> [Collected material]
*-*-*

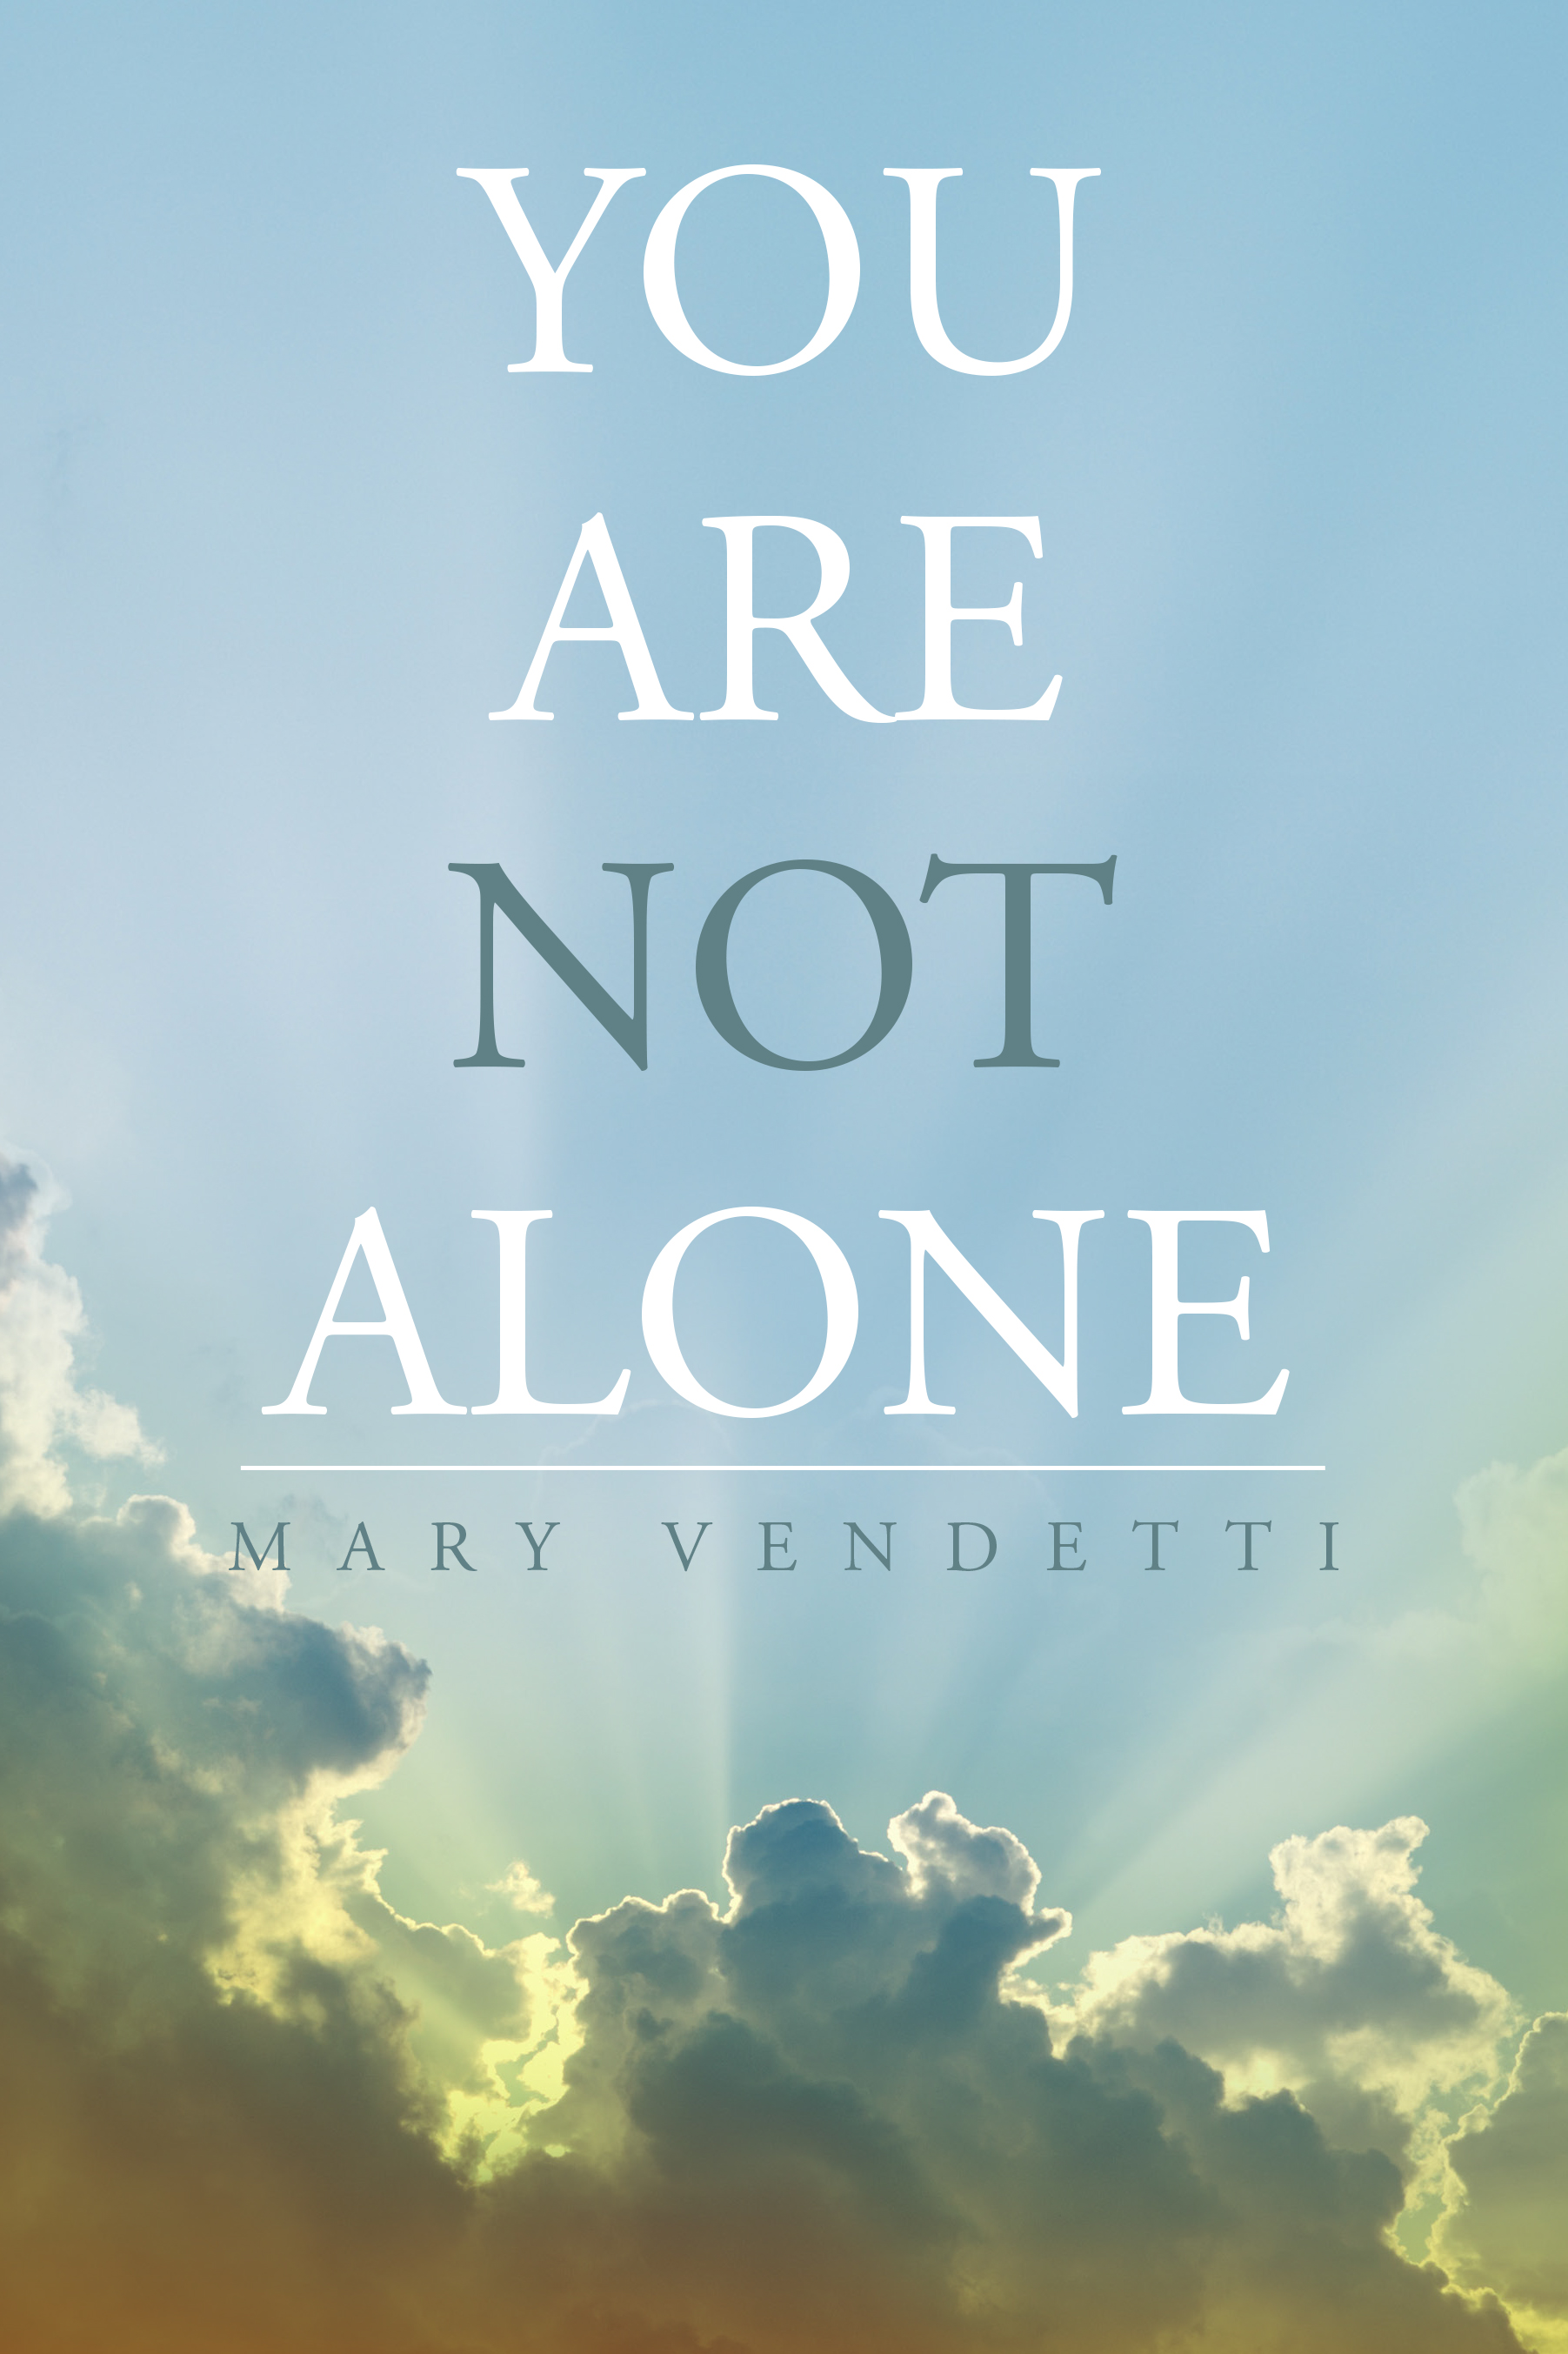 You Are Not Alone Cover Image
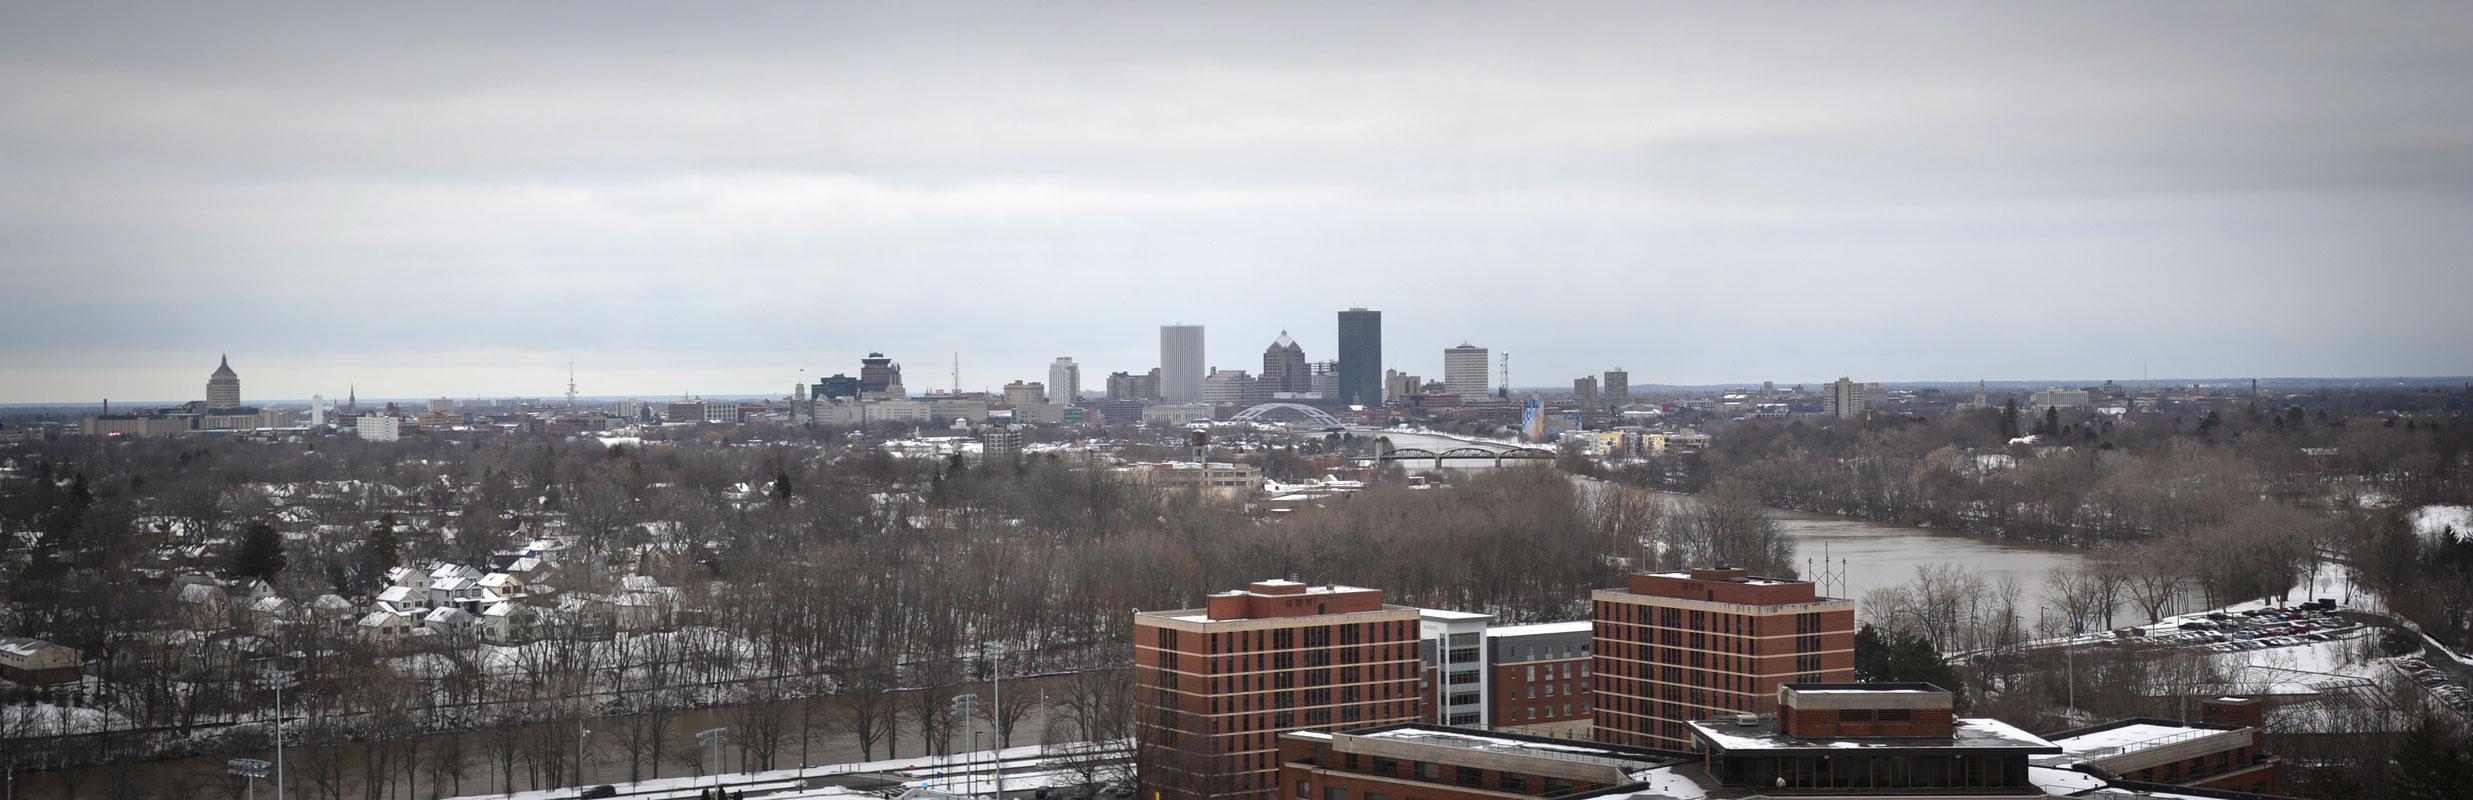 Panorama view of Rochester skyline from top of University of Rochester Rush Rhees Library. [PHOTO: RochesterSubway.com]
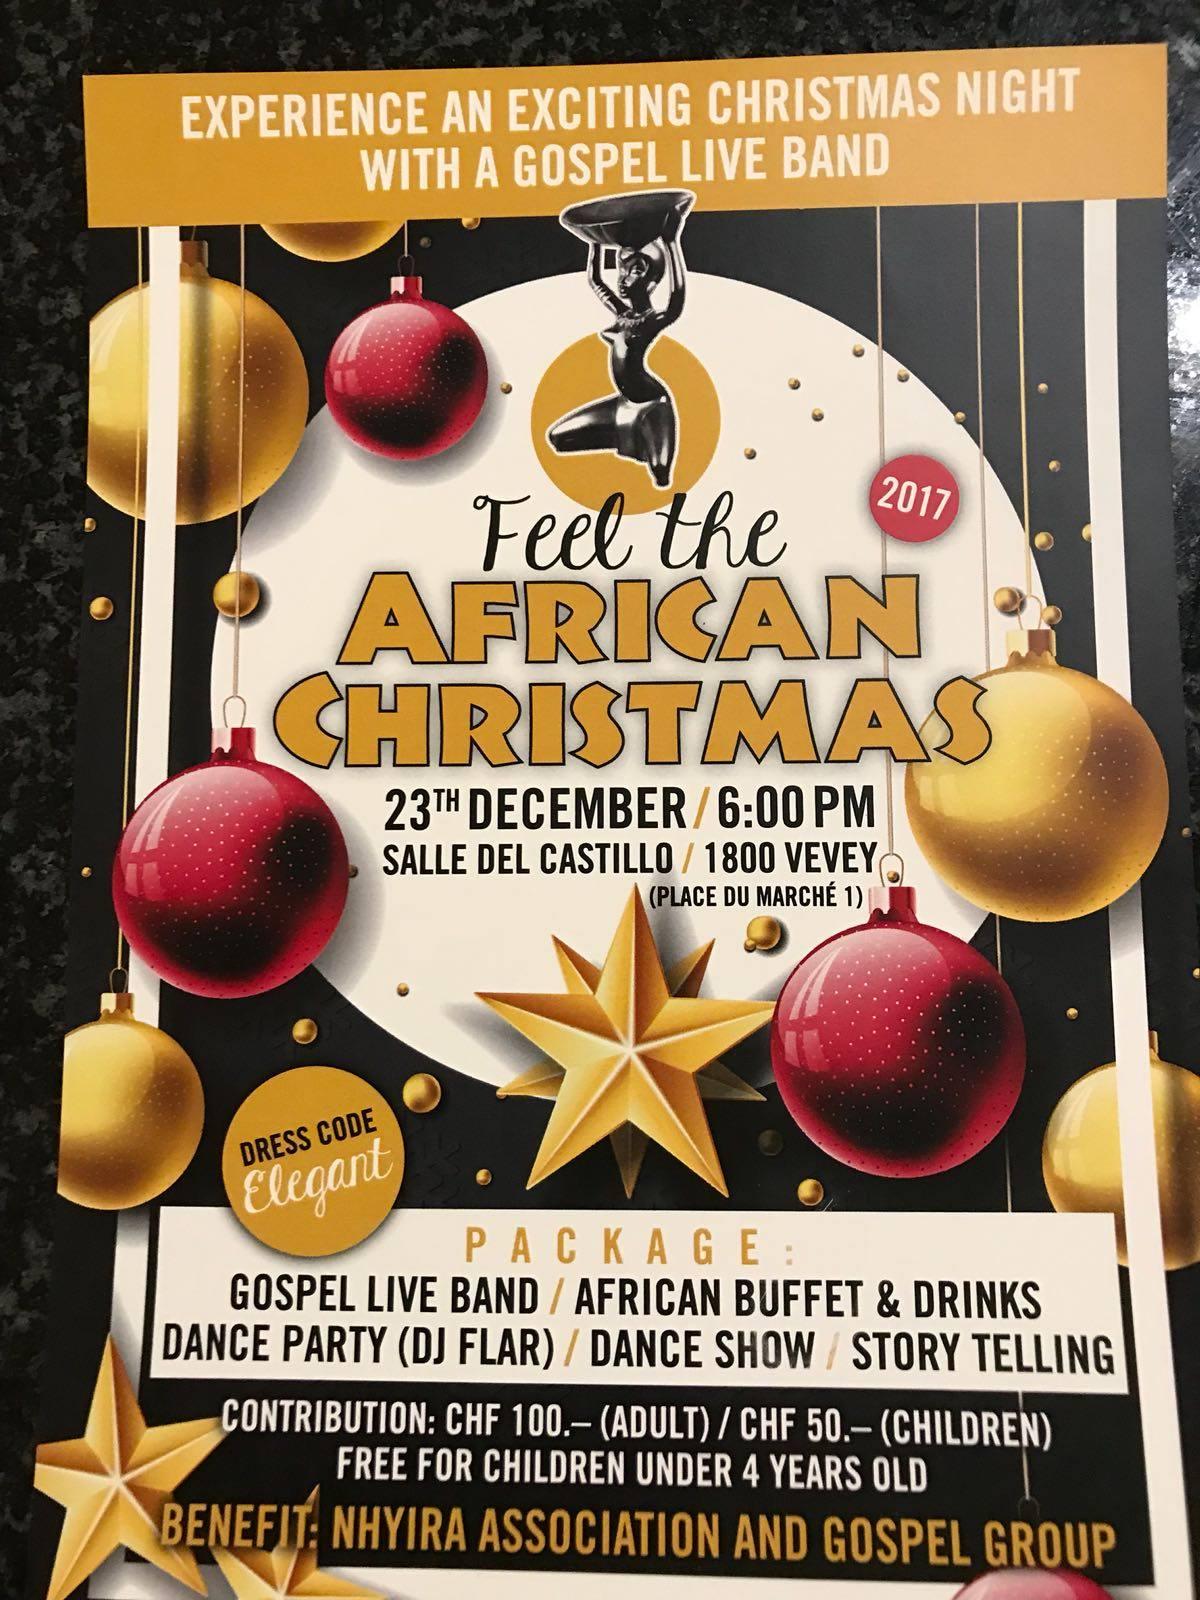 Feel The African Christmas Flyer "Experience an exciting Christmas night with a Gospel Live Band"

*-*-*

> [Task brief] Return the data exactly as it stands, minus the pictures.

> [Task result]
 You Are Not Alone Cover Image
 Panorama view of Rochester skyline from top of University of Rochester Rush Rhees Library. [PHOTO: RochesterSubway.com]
 Feel The African Christmas Flyer "Experience an exciting Christmas night with a Gospel Live Band"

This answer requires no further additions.